3.3 Prohibition Against Subcontracting or Assi ng ment. Contractor shall not
contract with any entity to perform in whole or in part the work or services required hereunder without
the express written approval of the City. Neither this Agreement nor any interest herein may be
assigned or transferred, voluntarily or by operation of law, without the prior written approval of City.
Any such prohibited assignment or transfer shall be void.

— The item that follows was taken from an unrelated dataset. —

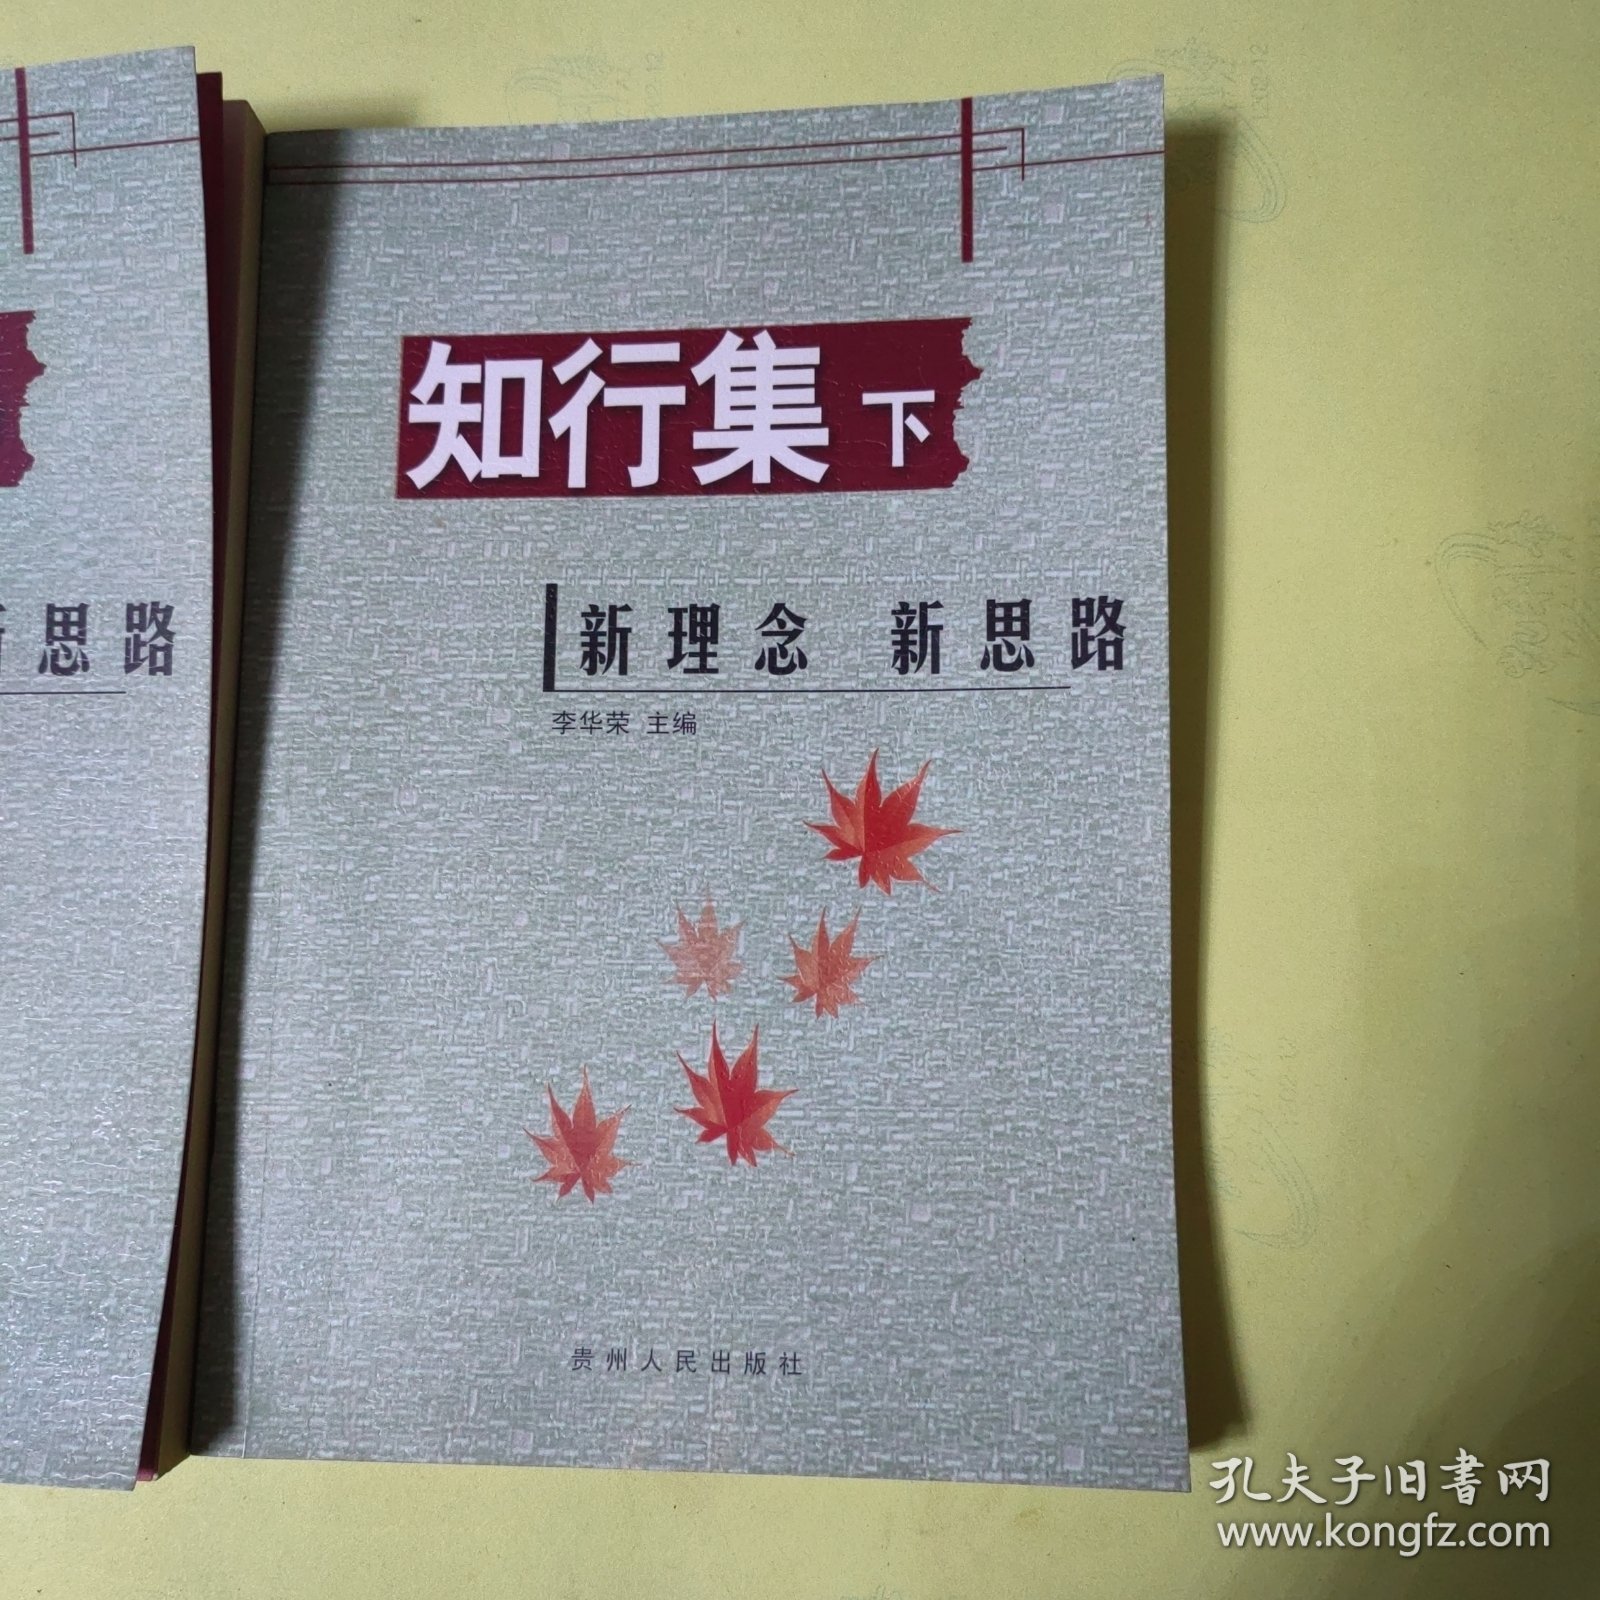 贵阳市实验二中教师论文集：知行集（中下册）2册合售
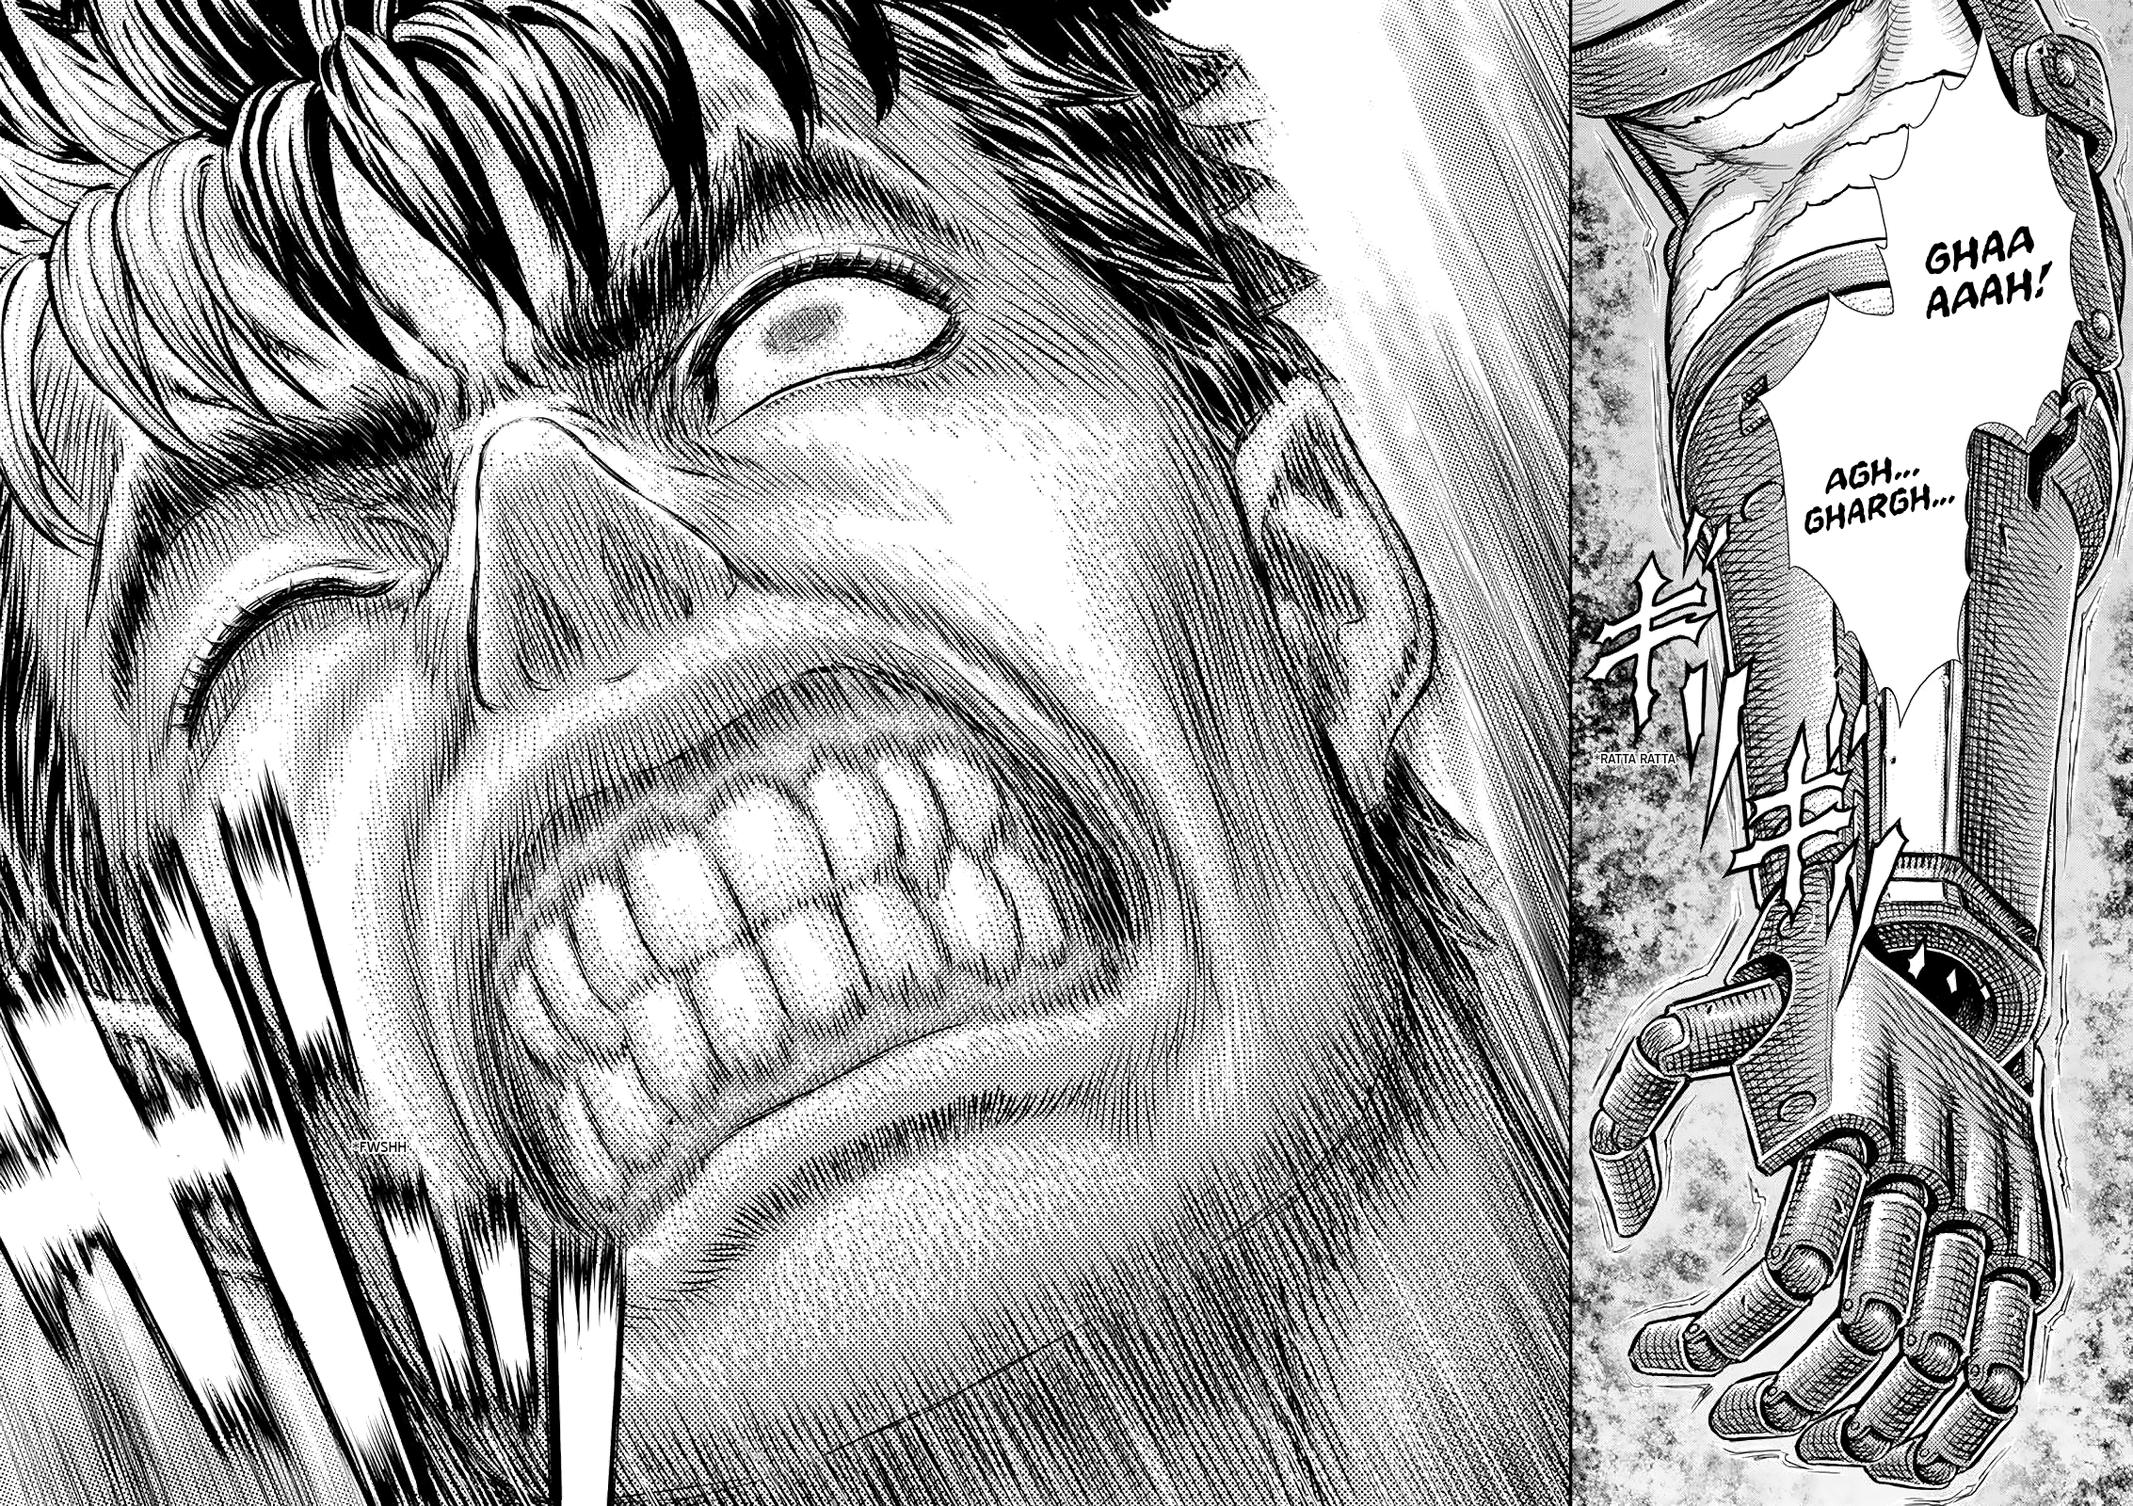 Berserk Manga Chapter 365 image 13

3.4 Independent Contractor. Neither the City nor any of its employees shall have
any control over the manner, mode or means by which Contractor, its agents or employees, perform
the services required herein, except as otherwise set forth. Contractor shall perform all services
required herein as an independent contractor of City and shall remain under only such obligations as
are consistent with that role. Contractor shall not at any time or in any manner represent that it or any
of its agents or employees are agents or employees of City.
4.0 INSURANCE AND INDEMNIFICATION
4.1 Insurance. The Contractor shall procure and maintain, at its sole cost and
expense, in a form and content satisfactory to City, during the entire term of this Agreement including
any extension thereof, the following policies of insurance:
(a) Comprehensive General Liability Insurance. A policy of
comprehensive general liability insurance written on a per occurrence basis in an amount not
less than either (i) a combined single limit of$1,000,000.00 or (ii) bodily injury limits of
$500,000.00 per person, $1,000,000.00 per occurrence and $1,000,000.00 products and
completed operations and property damage limits of$500,000.00 per occurrence. If the
Contract Sum is greater than $500,000.00, the policy of insurance shall be in an amount not
less than $5,000,000.00 combined single limit.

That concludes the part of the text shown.